Understanding Workflows (Folders over Frameworks)¶
So far you've built single steps: a chat reply, a RAG answer, an agent that calls a tool. Real work is usually several steps: research, then outline, then draft, then check. This guide is about orchestrating those steps without a heavy framework.
The problem with one giant prompt¶
The obvious way to do a multi-step task is to stuff everything into a single enormous prompt: "research X, then outline it, then write 800 words, then…". Two things go wrong:
- The model loses focus. Buried instructions get ignored (the "lost in the middle" effect). More context is not always better context.
- You can't see or steer the middle. If the final draft is wrong, you can't tell which step went wrong, and you can't fix the outline before it becomes a bad draft.
The idea: folders are the architecture¶
The Interpretable Context Methodology (ICM), "folders over frameworks", takes the Unix philosophy ("make each stage do one thing well") and applies it to AI. Instead of orchestration code, a workflow is just a folder of numbered stages:
workspace/
├── CONTEXT.md # the overall goal / system prompt (optional)
├── references/ # stable rules: the "factory"
└── stages/
├── 01_research/
│ ├── CONTEXT.md # instructions for THIS stage
│ └── output/ # output.md is written here
└── 02_draft/
├── CONTEXT.md
└── output/
One orchestrating model walks the stages in order. For each stage it reads that
stage's CONTEXT.md plus the previous stage's output, does the work, and
writes a new file. That's the whole mechanism.
Why this is nice for learning (and for real work):
- It's a glass box. Every intermediate result is a readable file you can open.
- Anyone can change it. Reorder steps by renaming folders; change a prompt by editing a markdown file. No code, no redeploy.
- It's portable and durable. The "logic" is just text and folders. It
survives model upgrades and copies with
cp -r.
💡 This is how the tools you already use work. Claude Code reads a
CLAUDE.md, loads "skills" from folders, and delegates to sub-agents. The filesystem is the coordination layer. Learn this and you understand modern agentic tooling.
Two ideas worth internalising¶
1. Factory vs. Product. Keep rules separate from data.
references/(the factory) holds stable constraints: a voice guide, a rubric, domain facts. These are rules to follow, the same on every run.- A stage's input (the product) is the specific material to transform, the previous step's output.
Separating them tells the model what to obey versus what to work on, and keeps each step's context small and focused.
2. Review gates: fix the source, not the output. Because every step writes a
file, you can stop, read it, and edit it before the next step runs. Your edit
becomes the new ground truth. If a step is consistently wrong, don't keep
hand-fixing its output ("patching the binary"). Edit the stage's CONTEXT.md or
a reference file ("fixing the source") so it's right on every future run.
In practice, human attention follows a U-shape: heavy at the start (setting direction), light in the middle (the model follows the rules), and heavy again at the end (final alignment).
Doing it in Hands-On AI¶
Hands-On AI ships a tiny runner (the Pipeline) that does exactly this. It is
deliberately sequential and human-in-the-loop: run_next() runs one stage
and stops, so you review the file before continuing.
from hands_on_ai.workflow import Pipeline, init_workspace
# Create a starter workspace with two stages
init_workspace("essay", ["research", "draft"], system="You are a writing assistant.")
# ...edit stages/01_research/CONTEXT.md and stages/02_draft/CONTEXT.md...
pipe = Pipeline("essay")
pipe.status() # [ ] 01_research [ ] 02_draft
pipe.run_next() # runs 01, writes stages/01_research/output/output.md, stops
# open that file, read it, edit if needed...

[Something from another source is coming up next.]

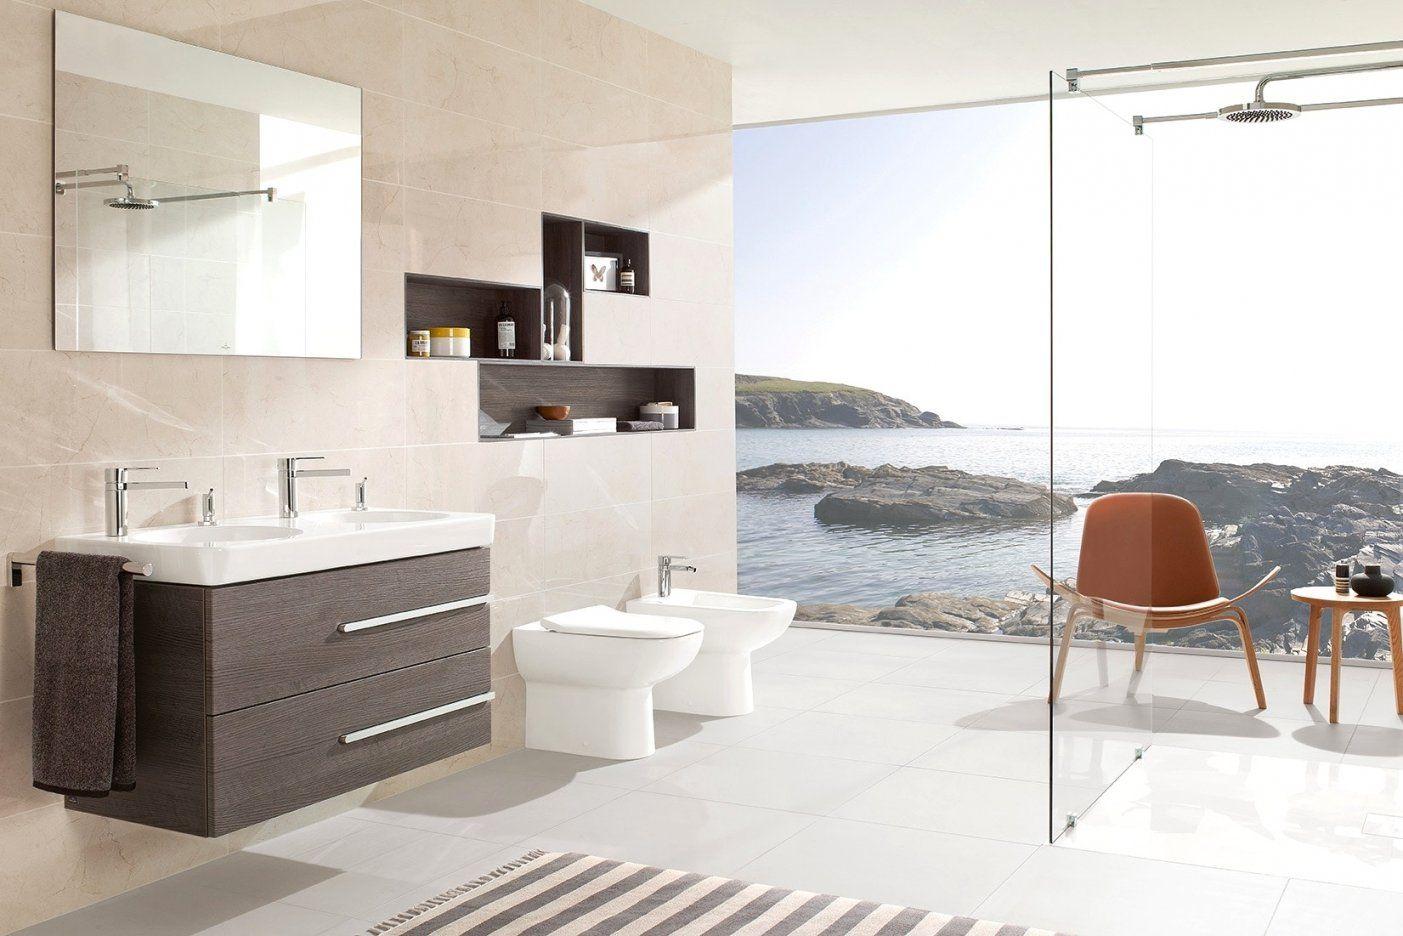 Badezimmer Villeroy Und Boch von Badplaner Villeroy Und Boch Bild

pipe.run_next() # runs 02 using your (possibly edited) research
run_all() exists for when you trust a pipeline, but run_next() (run, review,
continue) is the point.
The Build a Pipeline project walks through this end to end.
When to use what¶
ICM is one tool, not the only one. Be honest about the fit:
| Use | Reach for |
|---|---|
| Sequential, reviewable steps (research → draft → polish) | A workflow (this) |
| One question, maybe one tool call | An agent |
| Thousands of concurrent users, millisecond agent-to-agent messaging | A real framework (LangChain, etc.) |
Workflows are sequential and human-in-the-loop by design. Need parallelism? Run separate workflows yourself and decide how to combine them, a deliberate human choice, not a hidden autonomous loop.
For more on where this little runner fits next to production frameworks (and when to reach for one), see What this is (and isn't).
The honest summary: models are ephemeral, but context and structure are durable. Organising the information well often matters more than the orchestration code you didn't have to write.